=== SOURCE MATERIAL ===
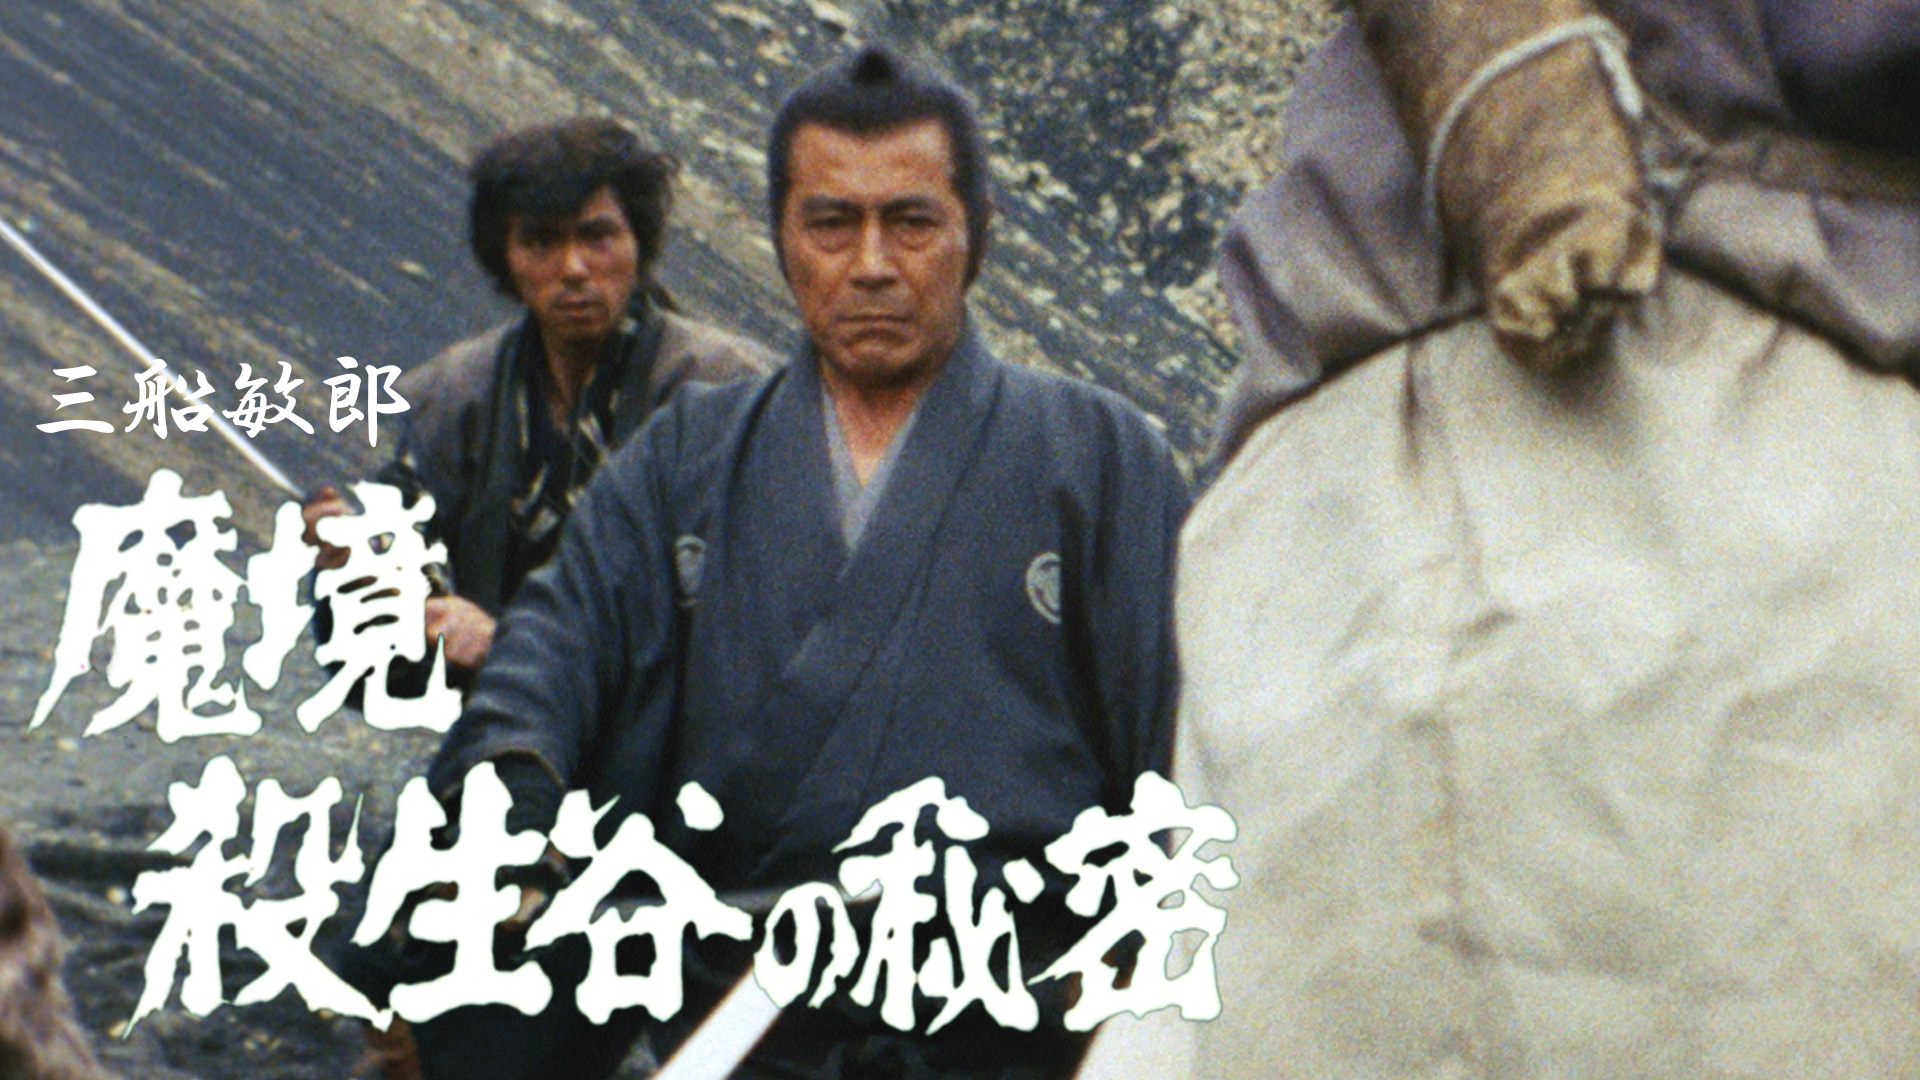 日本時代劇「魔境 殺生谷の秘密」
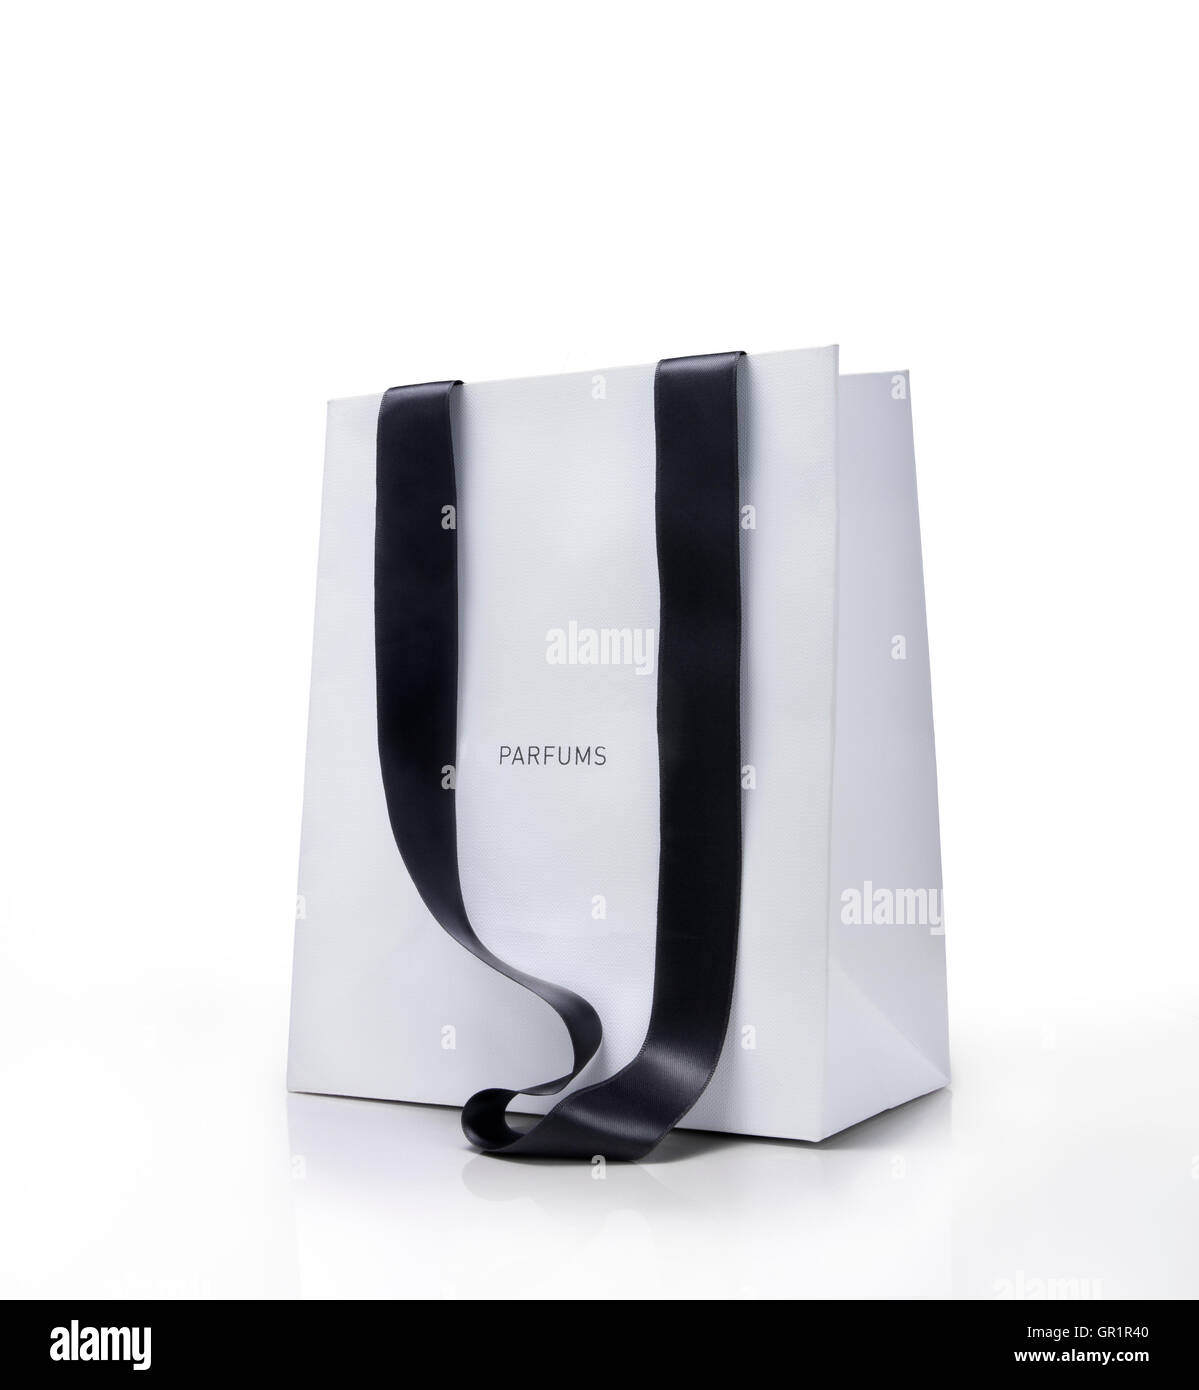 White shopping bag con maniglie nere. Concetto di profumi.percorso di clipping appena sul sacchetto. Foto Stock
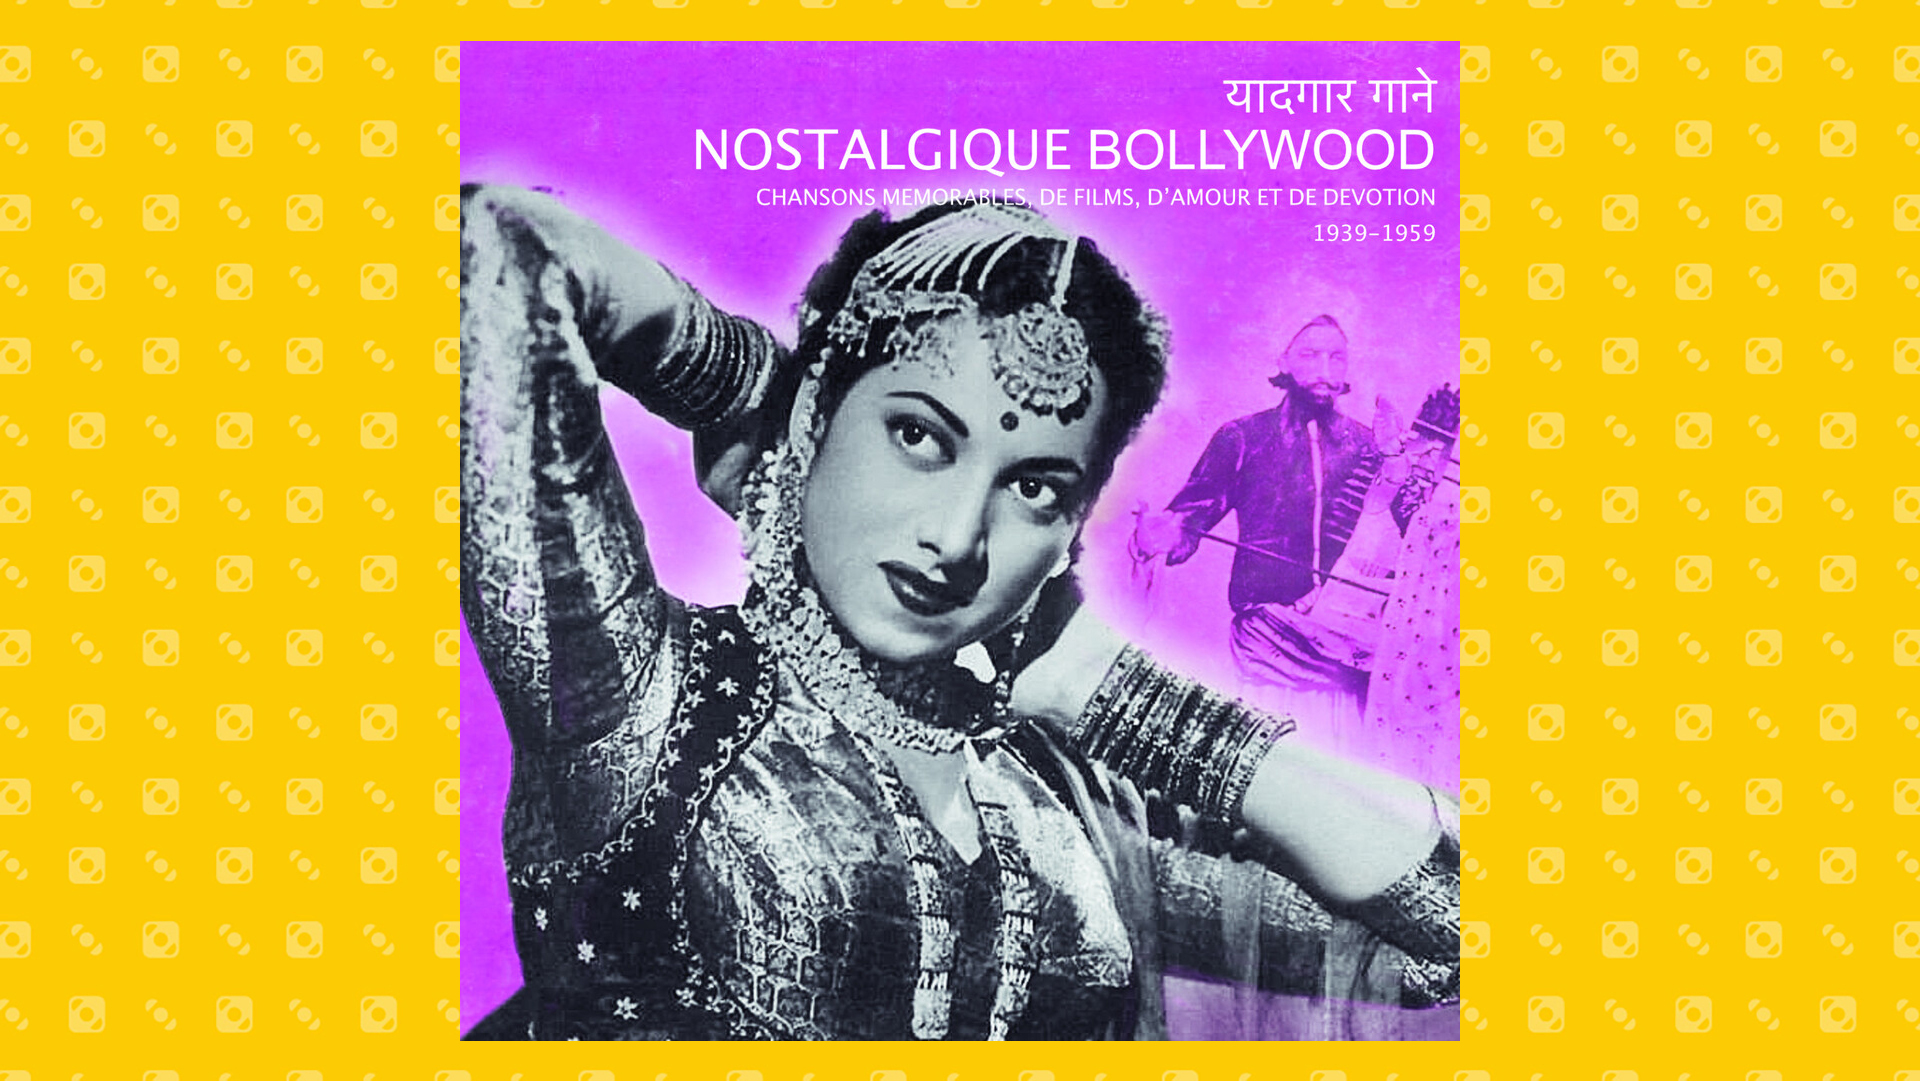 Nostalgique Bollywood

=== ACTIVITY ===
Return the material as it stands. Leave out the pictures.

=== SOLUTION TO THIS PROBLEM ===
 日本時代劇「魔境 殺生谷の秘密」
 White shopping bag con maniglie nere. Concetto di profumi.percorso di clipping appena sul sacchetto. Foto Stock
 Nostalgique Bollywood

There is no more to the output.